You're telling us what happens and to where they are and by whom. Why? Where is the intrigue into mystery here? Where's the rest of the story?

You need to add a line explaining what needs to be done to overcome this and by when it needs to be done at the least. Just by explaining how it happened doesn't tell me this is a legitimate story, or even anything slightly different.

Of course, I can open this and find a masterful story that is unique and blows me away. Get me to read it from the logline. It's what it's there for!

GL

Tonya


Posted by: Randy, November 29th, 2015, 1:28pm; Reply: 3
Tonya:  The logline tells you how the situation is happening, not why.  The characters in the town are introduced and their financial troubles explored long before the inevitable.  If I was to give away the twist in the logline there would be no reason to read the screenplay.  Give the script another chance you may be surprised.
Posted by: spesh2k, November 30th, 2015, 10:43am; Reply: 4
This seems competently written, although the bold face kinda jumps out at you a bit. But I've seen all bold face before in scripts. One of the reasons it's 125 pages is because the writer often devotes a whole action line to an object/person to draw emphasis... it's fairly common, though I personally feel it's a bit overdone (from what I've seen). Though it seems like a quick read (if you can get past the all bold face).

Zombie films have been done a trillion times, though I do see an obvious hook here, not sure why people seem to be confused about that. The log line is drenched in irony -- people from an impoverished town get free government meat and turn into zombies. Zombies, traditionally, eat brains, so they're basically wiping themselves out because they're all zombies and have no "living human being brains" to eat to stay alive, hence, starving. The log line kind of is telling us why the situation is happening, but not the "whole" why.

I'll check this out once I get a little time...

-- Michael

Posted by: Randy, November 30th, 2015, 12:01pm; Reply: 5
Michael:  Thanks for actually reading the script.  It is meant to be a satiric, horror comedy.  I appreciate your commentary.  ran.
Posted by: Marcela, December 9th, 2015, 12:40pm; Reply: 6
I actually liked the logline. Made me want to read the script. I only read 6 pages or so. Six tiny scenes on one page was too much for my brain to handle.

I think this is a no-no:

CONROY
regards his inquiry with a wicked grin.

This distract a reader, simply because that's not a standard action line. Also your dialogue formatting seems a bit non-standard. What software do you use?
Posted by: Dreamscale (Guest), December 10th, 2015, 9:33am; Reply: 7

Quoted from Marcela
I think this is a no-no:

CONROY
regards his inquiry with a wicked grin.


He's using Subject Slugs, which draw attention to that "thing", and the assumption is the camera goes to these "things" as well.

Personally, I don't like this style of writing, as it's just unnecessary and makes for a difficult read and also adds length to the script because of the extra Subject Slug lines.

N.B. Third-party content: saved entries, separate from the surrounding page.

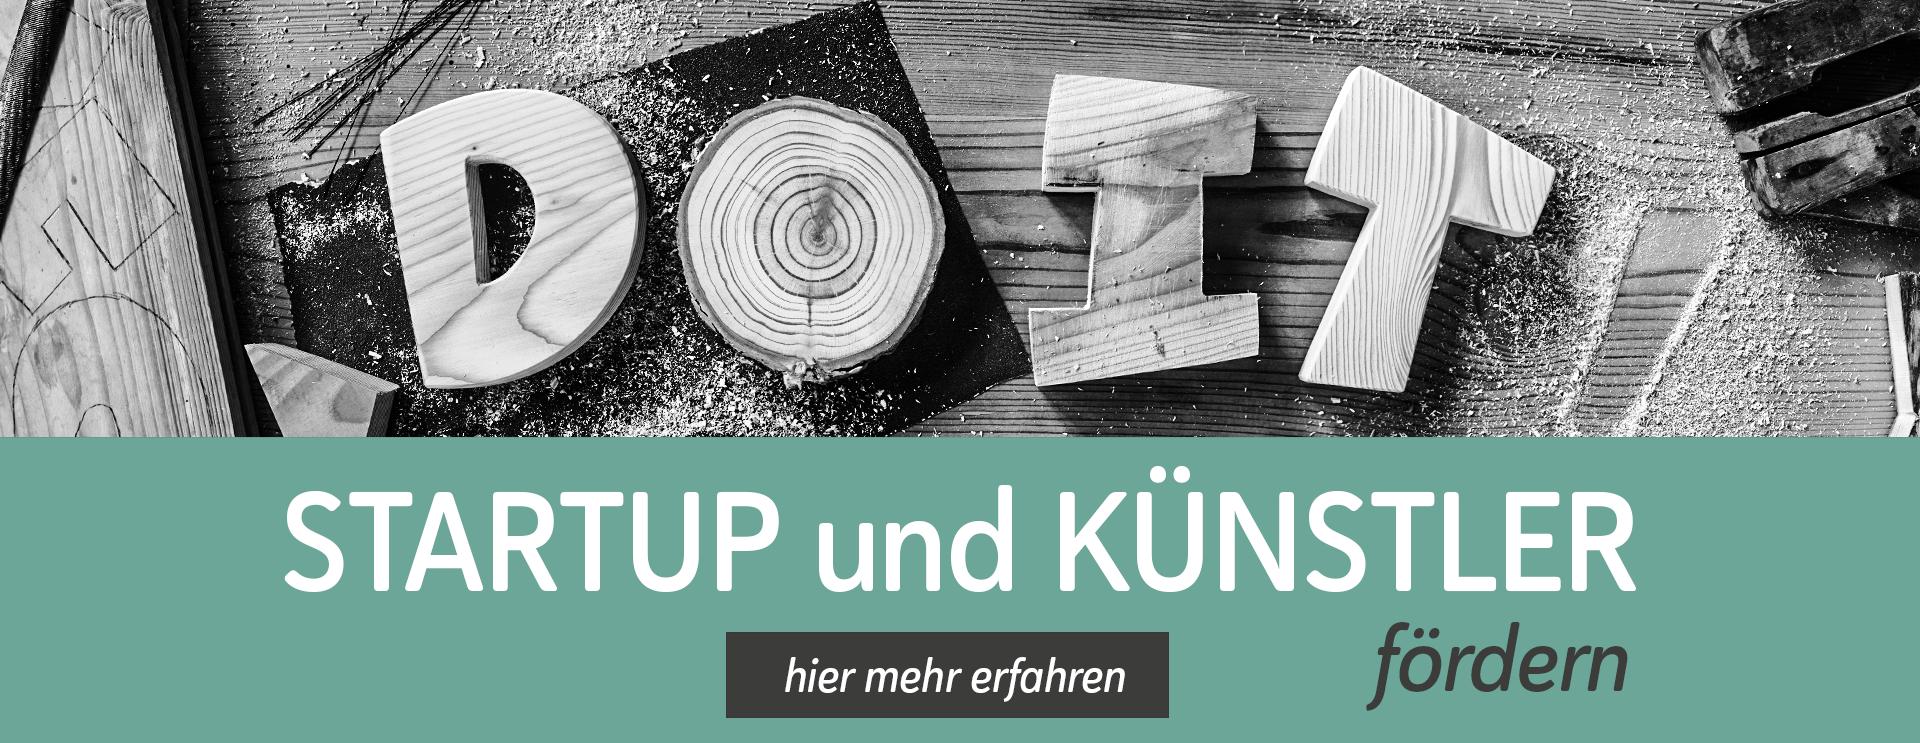 bild_kuenstler_startup_foerdern
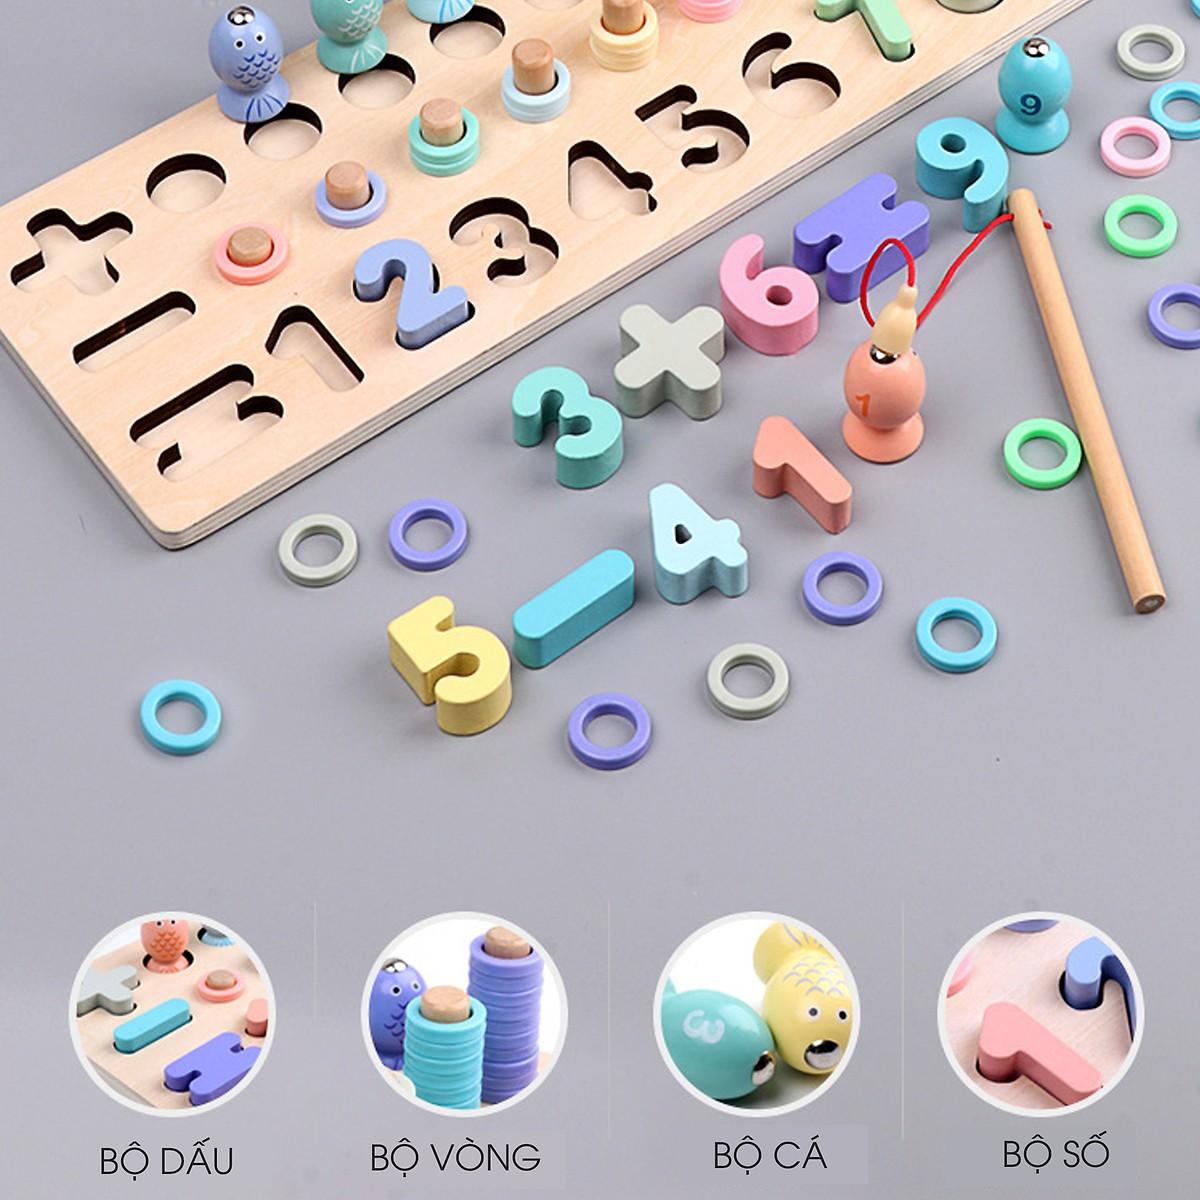 Đồ chơigiáo dục cho bé, Bảng lắp ghép số - hình trí tuệ kết hợp câu cá MK
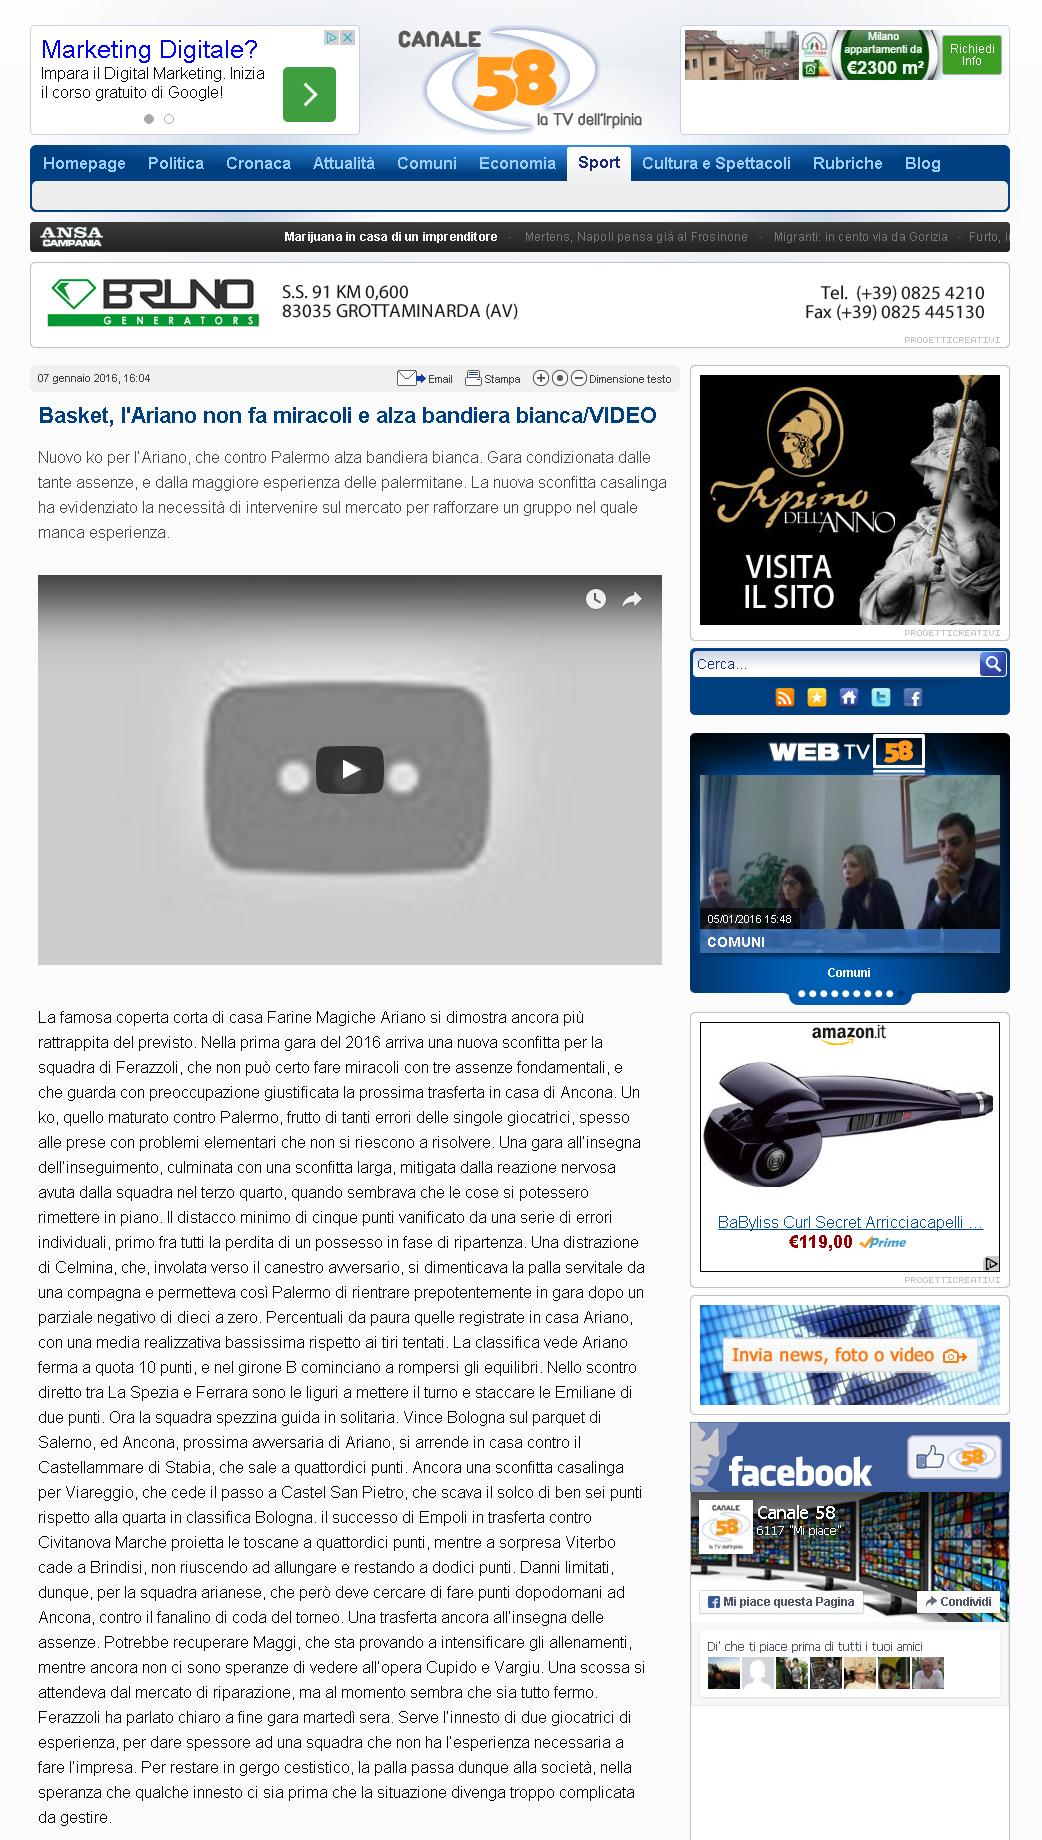 07.01.2016_Canale 58   La TV dell Irpinia

Posted by: Busy Little Bee, December 12th, 2015, 3:54pm; Reply: 8
You don't have to give away any twist, spoilers, or plot in a log line, however, you still need a hook or some mystery. Zombie are, I guess, still a hook, but it's lost its sizzle. That's not to say you don't have a good story, here. But as far as garnering interest...not sure with as written, IMO.

Let's have a look

BLB

Posted by: Busy Little Bee, December 15th, 2015, 10:01am; Reply: 9
Hey, Randy

So, I took a look at the first 15, and so far some the good was setting up what appear to be the theme, with the opening and character hunting his own food while others wait in line. I'm expecting this will be played out during the middle of the story where Conroy has to help those in need or another character has to become more self sufficient. I like this setup. From what I can tell  it was intentional.

I was not a fan of the number of slug lines in rapid succession, just from a reading standpoint pulls me out of the story. I'm going to give the last act a read to see if that theme is still present and if there is a realization in any of the characters. Because I also had a difficult time deciphering who the main character was.